Abstraction Refinement for Large Scale Model Checking

Chao Wang (Ph.D., University of Colorado at Boulder, 2004)


Model checking is a formal method for proving that a finite state transition system satisfies a user-defined specification. The primary obstacle to its widespread application is the capacity problem: the state-of-the-art model checker cannot directly handle most industrial-scale designs. Abstraction refinement, an iterative process of synthesizing a simplified model to help verifying the original model, is a promising solution to the capacity problem. In this thesis, several fully automatatic abstraction refinement techniques are proposed to efficiently reach or come near to the simplest abstraction.

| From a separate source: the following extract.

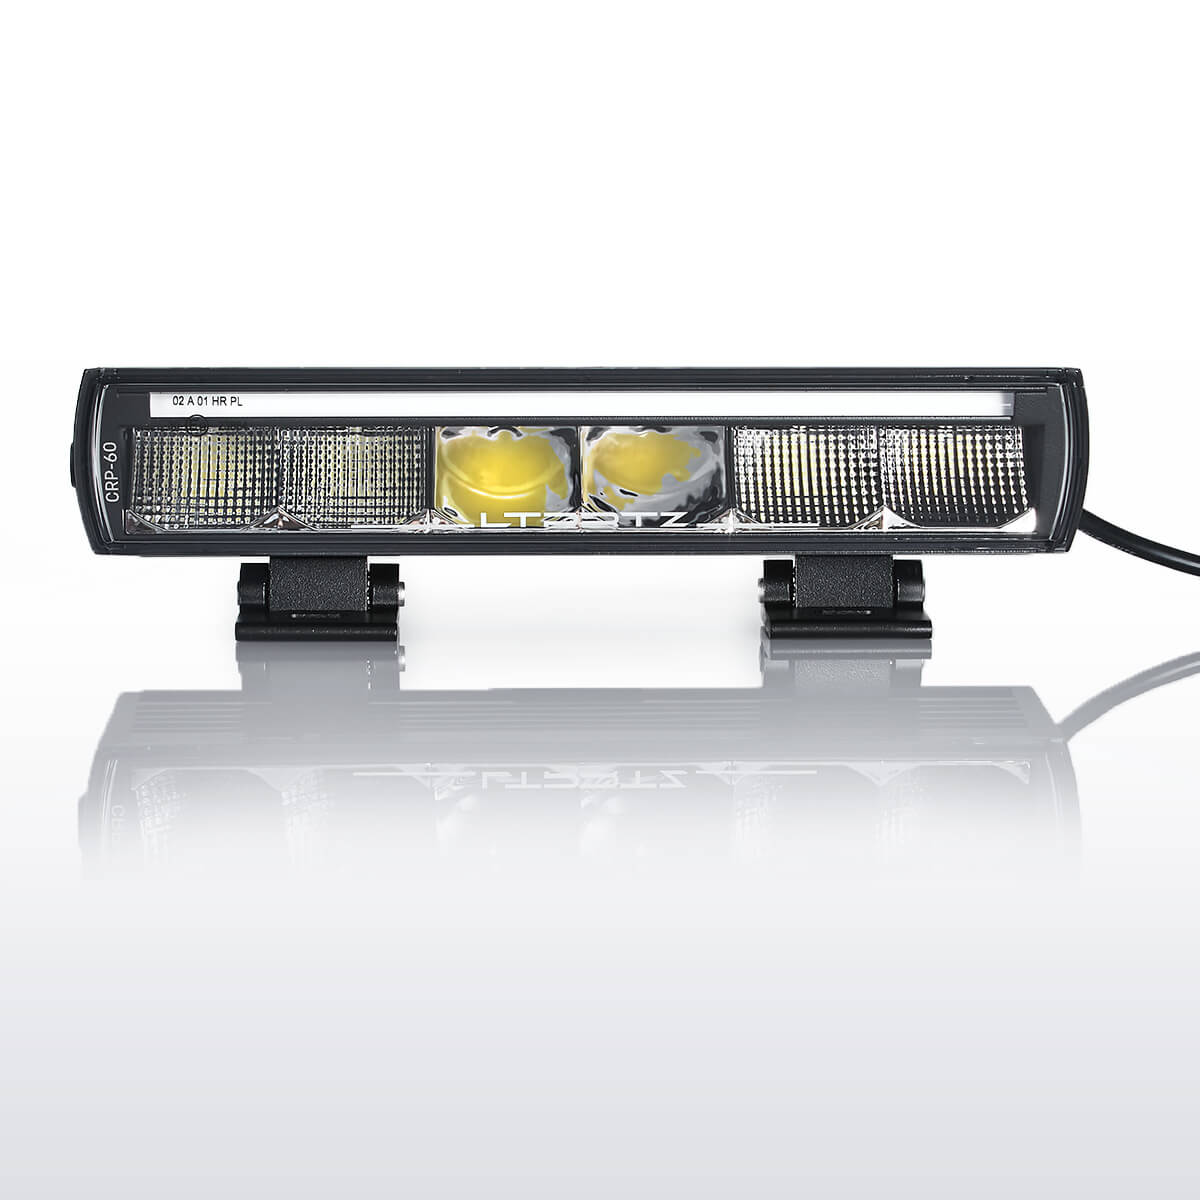 13" LED Lightbar Fernscheinwerfer 30° mit Positionslicht ECE - LTPRTZ®

First, a fine-grain abstraction approach is proposed to keep the abstraction granularity small. With the advantage of including only the relevant information, fine-grain abstraction is proven indispensable in verifying systems with complex combinational logics. Second, a refinement algorithm is proposed to identify the refinement information based on the systematic analysis of all the shortest counter-examples. Compared to single counter-example guided algorithms, this algorithm often produces a smaller abstract model that can prove or refute the same property. Third, a compositional SCC analysis algorithm is proposed to quickly identify unimportant parts of the state space and prune them away before verification is applied to the next abstraction level. With a speed-up of up to two orders of magintude over standard model checking algorithms, it demonstrates the importance of reusing information learned from previous abstraction levels. Finally, BDD based symbolic image computation and Boolean satisfiability are studied. Two new algorithms are proposed to improve their computational efficiency by applying the abstraction and the successive refinements inside the two basic decision procedures. Analytical and experimental studies demonstrate that the fully automatic abstraction refinement techniques proposed in this thesis are the key to applying model checking to large systems.